À l’époque, la population était encouragée à ne parler que mandarin en public, au détriment notamment des langues des peuples indigènes de l’île. Ce n’est qu’après la levée de la loi martiale en 1987 que l’identité taïwanaise, ainsi que sa cuisine, ont été revendiquées avec fierté. Quand Chen Shui-bian est devenu président en 2000, ses banquets officiels comprenaient des plats locaux. Il a dit au monde que «la cuisine taïwanaise est belle et délicieuse», se souvient Ivy Chen. Et «quand la politique a changé, la cuisine aussi a changé».
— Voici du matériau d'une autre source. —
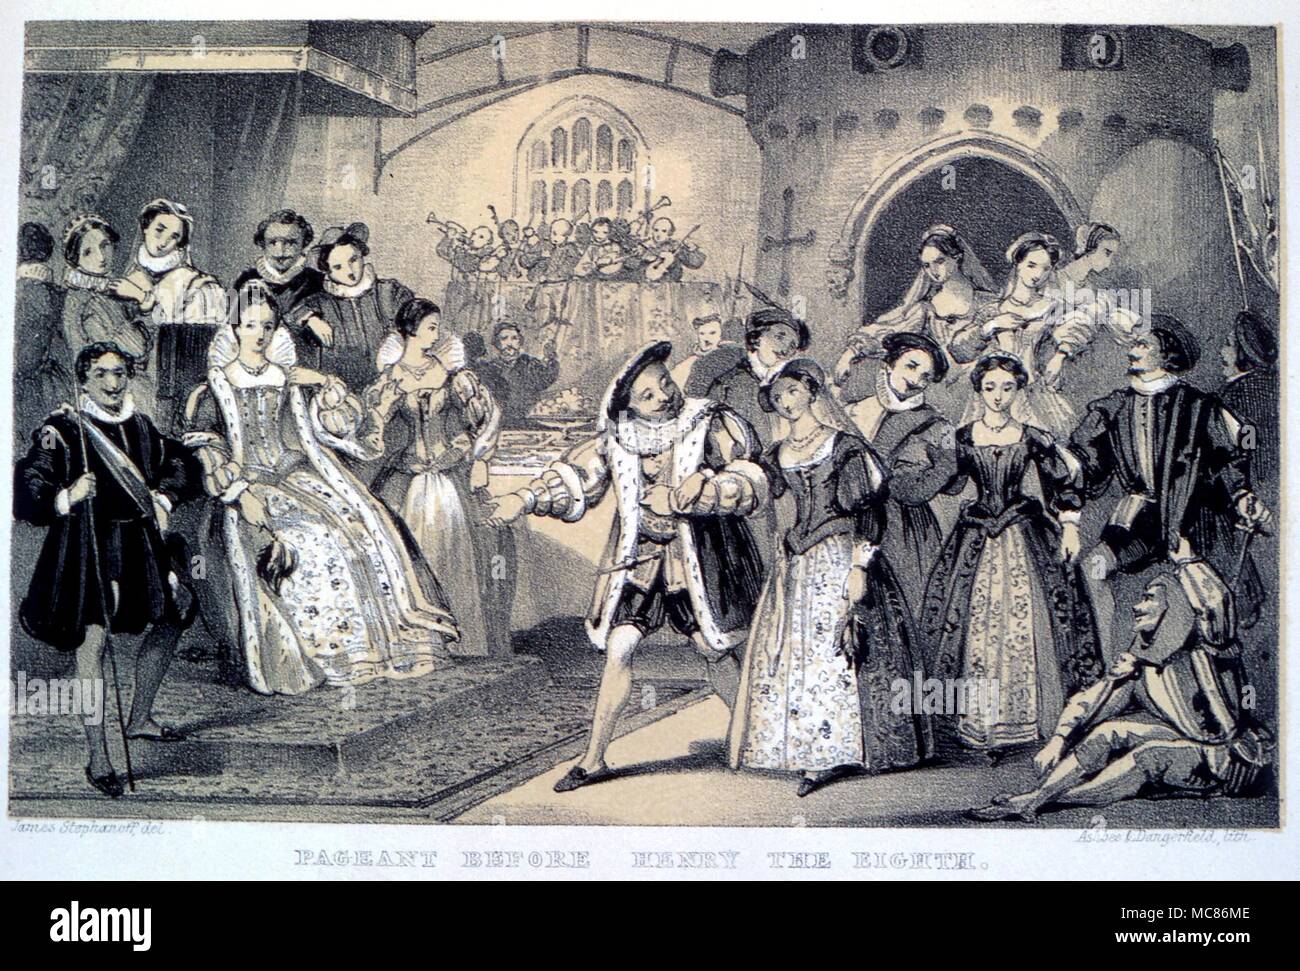 Weihnachten pageant durchgeführt werden, bevor das Henry VIII. Chromo Holzschnitt aus der William Sandys' Weihnachten seine Geschichte, Feste und Weihnachtslieder." 1870 Stockfoto
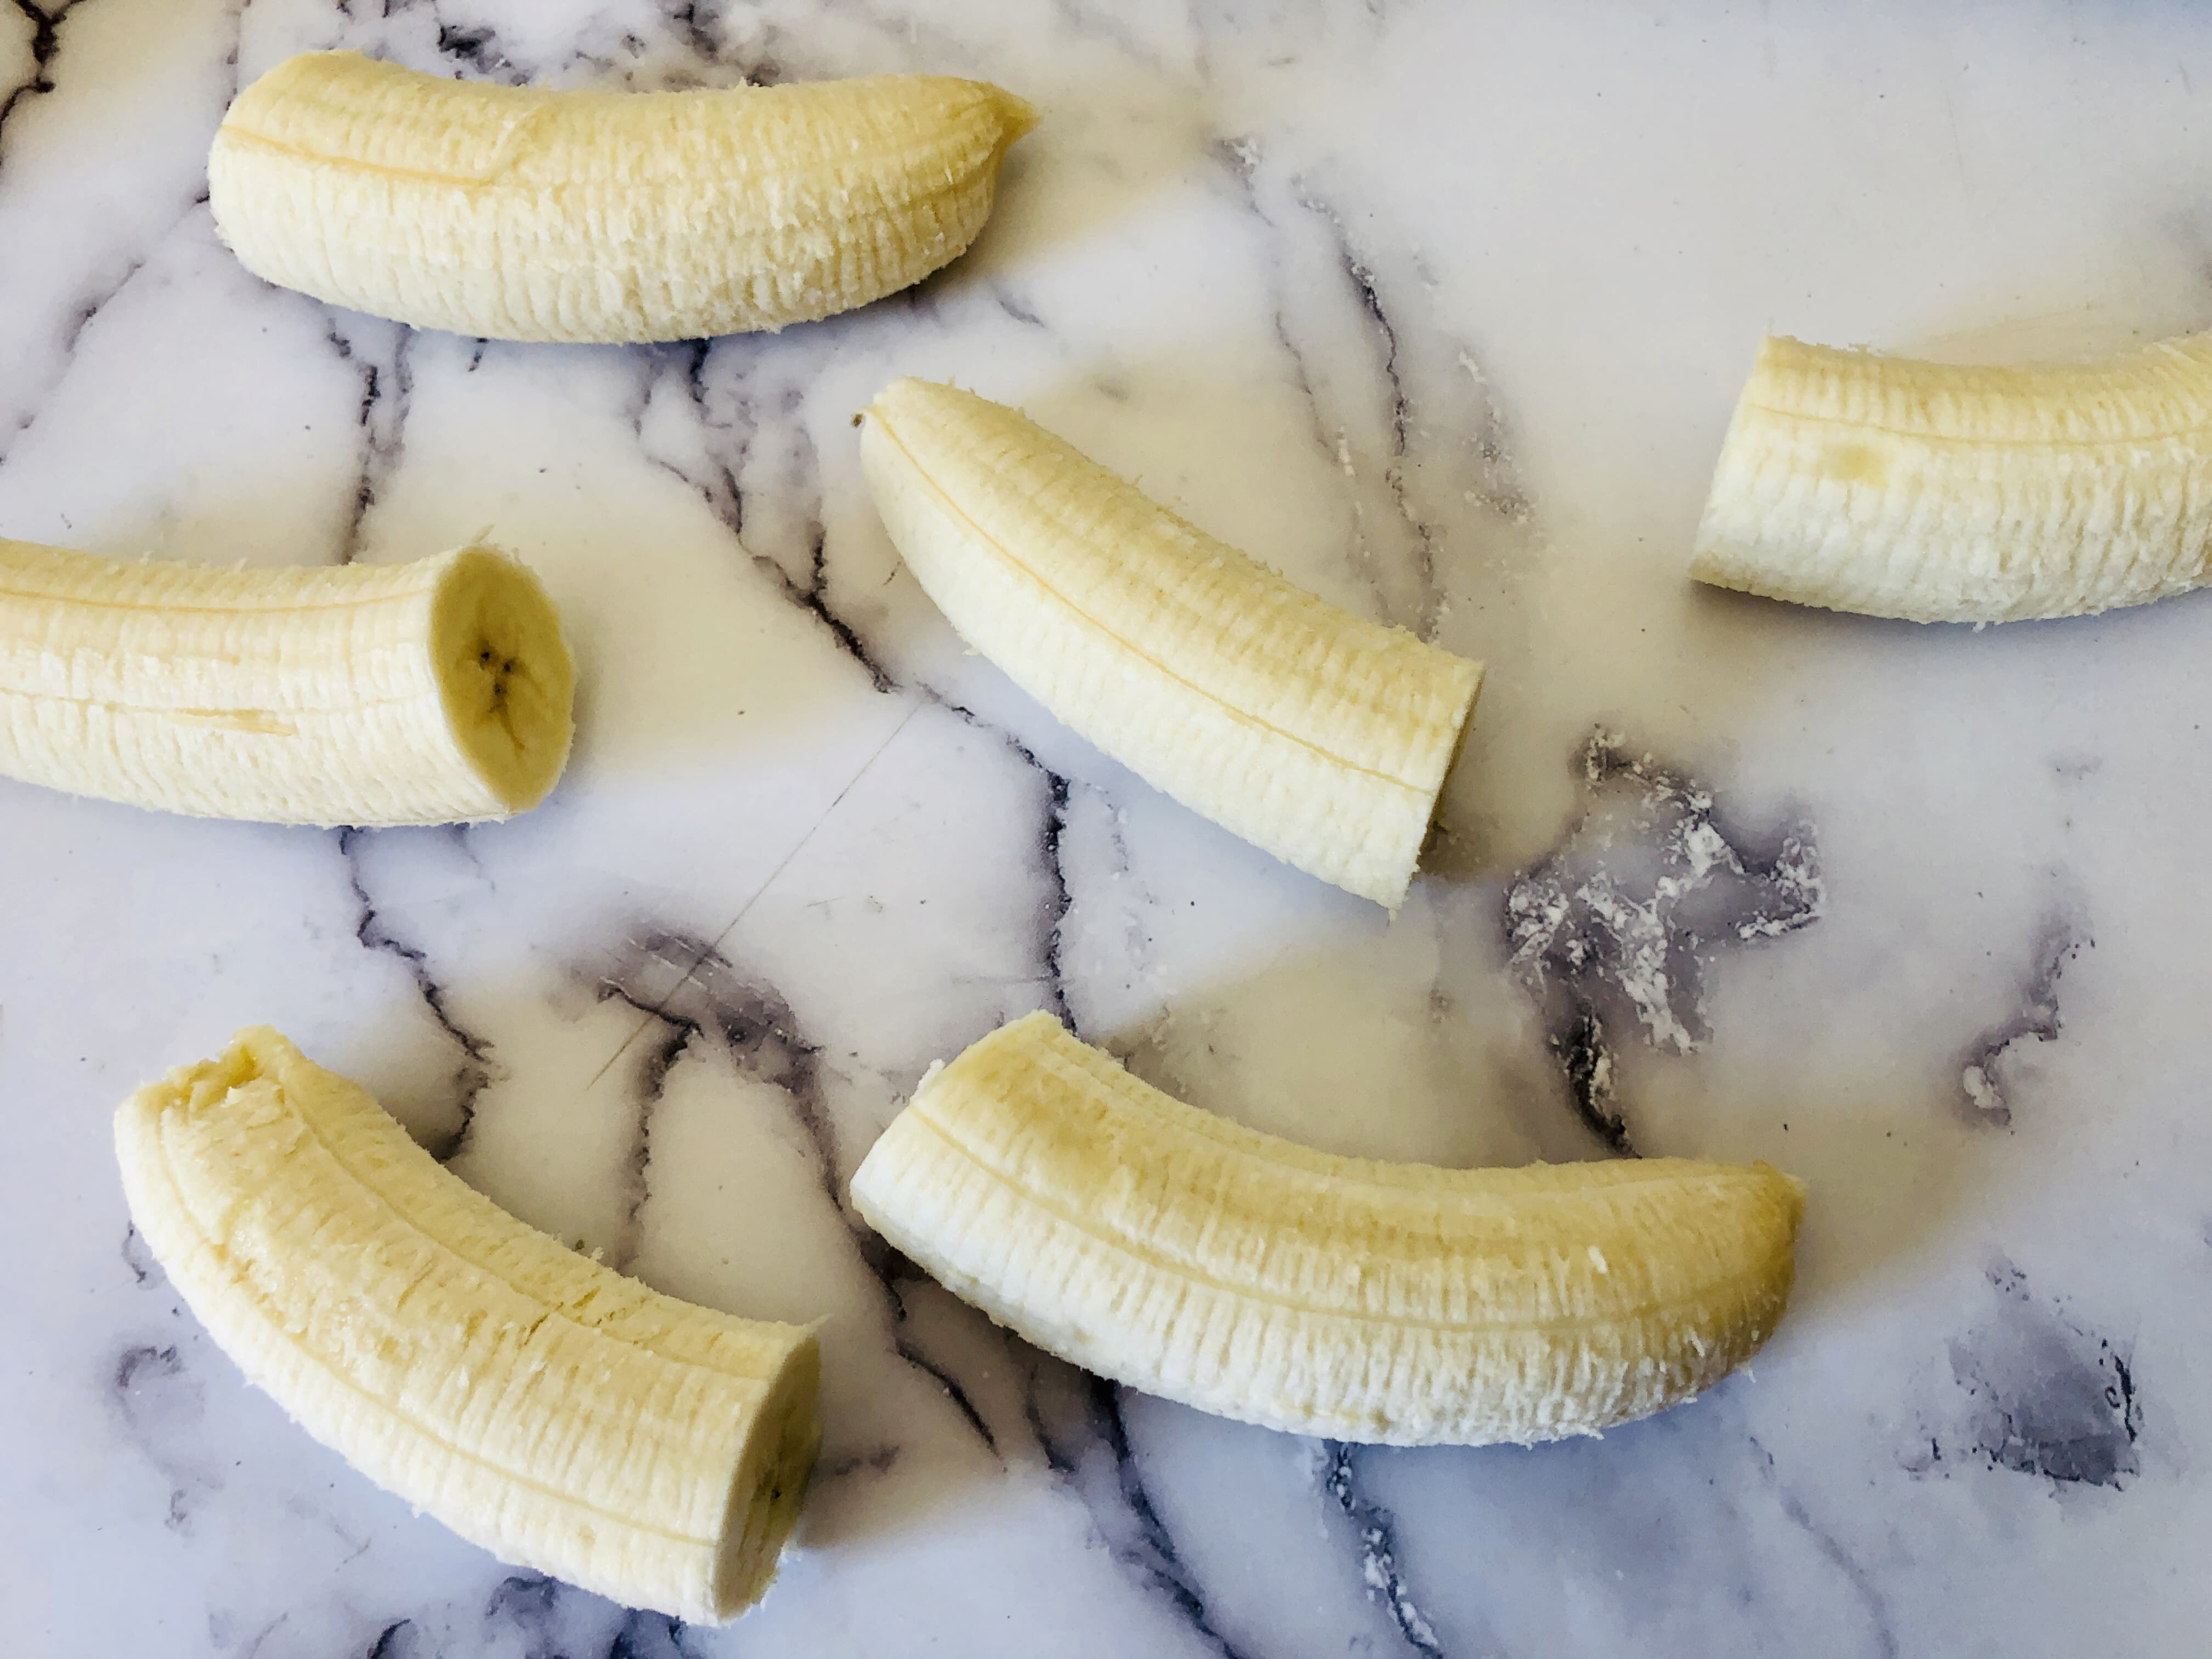 banana cut in half

Aujourd’hui, l’île de 23 millions d’habitants prône fièrement son modèle de démocratie, en matière de liberté d’expression et de la presse, surtout face à la pression militaire de Pékin et à ses menaces de «réunification». Elle organise régulièrement des élections locales et législatives, et s’affiche comme pionnière en Asie en ayant légalisé le mariage entre personnes de même sexe. «Ça, c’est Taïwan : nous avons tellement l’habitude d’avoir des élections et que la politique fasse partie de nos vies quotidiennes», affirme Kylie Wang, dont chaque épisode de The KK Show est écouté par 400 000 auditeurs en moyenne.
L’humour de la comédienne cible notamment le Parti communiste chinois. «Pour moi, ce n’est pas un problème en tant que Taïwanaise de dire ce genre de choses», assure-t-elle. «Je reçois plein de messages privés d’auditeurs chinois, qui disent à quel point ils aiment notre programme.» Et puis, «tout le monde est d’accord sur le fait que la Chine est une menace… cela ne fait plus rire personne».